Non chiamatele “pensioni anticipate”. Con un ritardo notevole sulla tabella di marcia (dovevano partire lo scorso maggio), da quest’anno sono a disposizione dei contribuenti italiani due novità: l’anticipo pensionistico volontario (Ape) e la rendita integrativa temporanea anticipata (Rita). Si tratta di due strumenti concepiti per ammorbidire le rigidità della legge Fornero aumentando la flessibilità in uscita, ma la loro convenienza è quantomeno dubbia.

 

 

Perché si possa parlare di “pensione anticipata” deve essere previsto uno sconto sui requisiti per accedere all’assegno previdenziale, cioè una riduzione dell’età pensionabile o degli anni di contributi da accumulare.
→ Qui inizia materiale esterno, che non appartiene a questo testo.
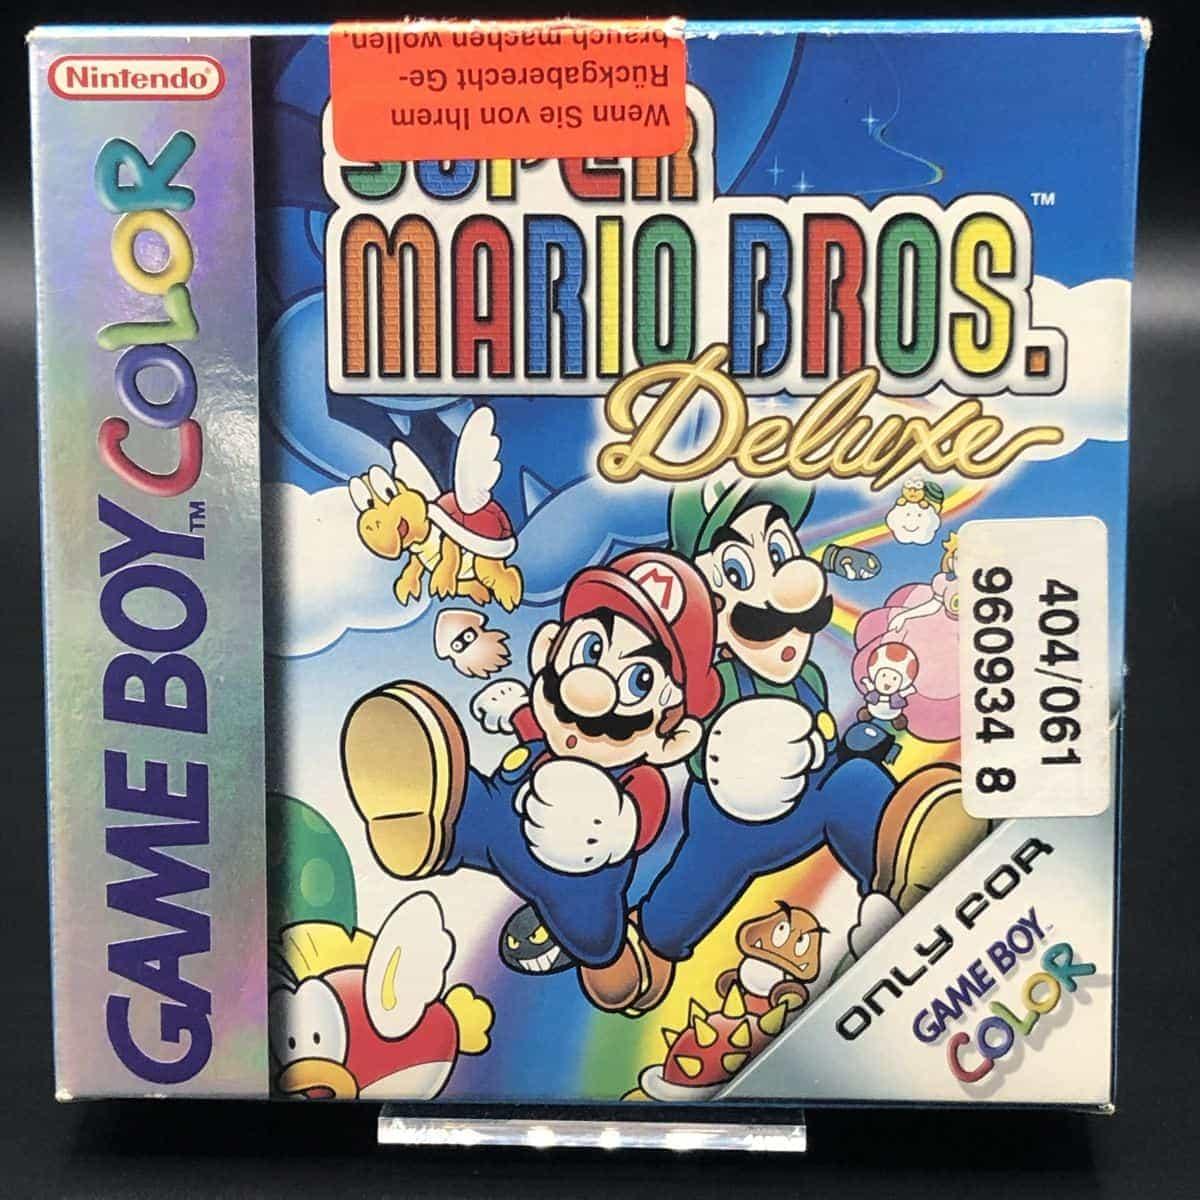 GBC Super Mario Bros. Deluxe (Komplett) (Gut) Nintendo Game Boy Color

L’Ape volontario e la Rita non comportano nulla di tutto ciò. È vero, sono due forme di reddito-ponte pensate per accompagnare il lavoratore fino alla maturazione dei requisiti per la pensione di vecchiaia. Ma a pagare non è lo Stato, bensì il contribuente stesso, che di fatto si auto-finanzia.

 

Dell’anticipo pensionistico su base volontaria - in sostanza, un prestito bancario assicurato da restituire in 20 anni con una decurtazione della pensione - abbiamo già parlato diffusamente in altri articoli. Stavolta vediamo come funziona la Rita e quali rischi corre chi la sceglie.

 

Innanzitutto, non è una possibilità aperta a tutti, ma solo a chi ha versato soldi in un fondo di previdenza complementare per almeno cinque anni. Funziona così: il contribuente incassa ogni mese una parte dei risparmi che aveva messo da parte per la pensione integrativa e vive con quei soldi finché non raggiunge l’età richiesta per la pensione vera e propria (al momento l’asticella è a 66 anni e 7 mesi, ma dal 2019 salirà per tutti a 67 anni).

 

Diversamente da quanto accade con l’Ape volontario, le persone che incassano la Rita non possono continuare a lavorare. Per chi è disoccupato da meno di due anni, la rendita può durare al massimo cinque anni (perciò l’età minima richiesta è di 61 anni e 7 mesi, che saliranno a 62 dal primo gennaio 2019). Per chi invece non lavora da più di due anni, la Rita può durare fino a un decennio (di conseguenza l’età minima scende a 56 anni e 7 mesi, che diventeranno 57 dal 2019).

 

L’unico vero vantaggio è sul fronte fiscale. Alla Rita si applica infatti una ritenuta agevolata del 15%, che scende di un ulteriore 0,30% per ogni anno di partecipazione al fondo pensione oltre il 15esimo, fino a un’aliquota minima del 9%.

 

Il punto dolente riguarda i costi, che non sono fissi. Il contribuente può scegliere se utilizzare tutto o parte del capitale accumulato con la previdenza integrativa a seconda di quanto vuole ricevere ogni mese, ma chi aspira a un assegno uguale o simile all’ultimo stipendio sarà costretto a spendere molto. Secondo la società di consulenza Aon Hewitt, in media servono otto anni di versamenti al fondo previdenziale per pagarsi un anno di Rita. Il conto sale a 16 e 22 anni di iscrizione per finanziare anticipi di due e tre anni.

 

Il rischio è evidente: consumare facilmente i risparmi accumulati con la previdenza integrativa e in questo modo ridurre di parecchio (o addirittura azzerare) la pensione complementare a cui si avrà diritto una volta maturati i requisiti per il trattamento di vecchiaia. In altri termini, la Rita contrasta con le finalità della previdenza integrativa, il cui scopo è appunto integrare la pensione pubblica. Che spesso da sola non basta ad arrivare alla fine del mese.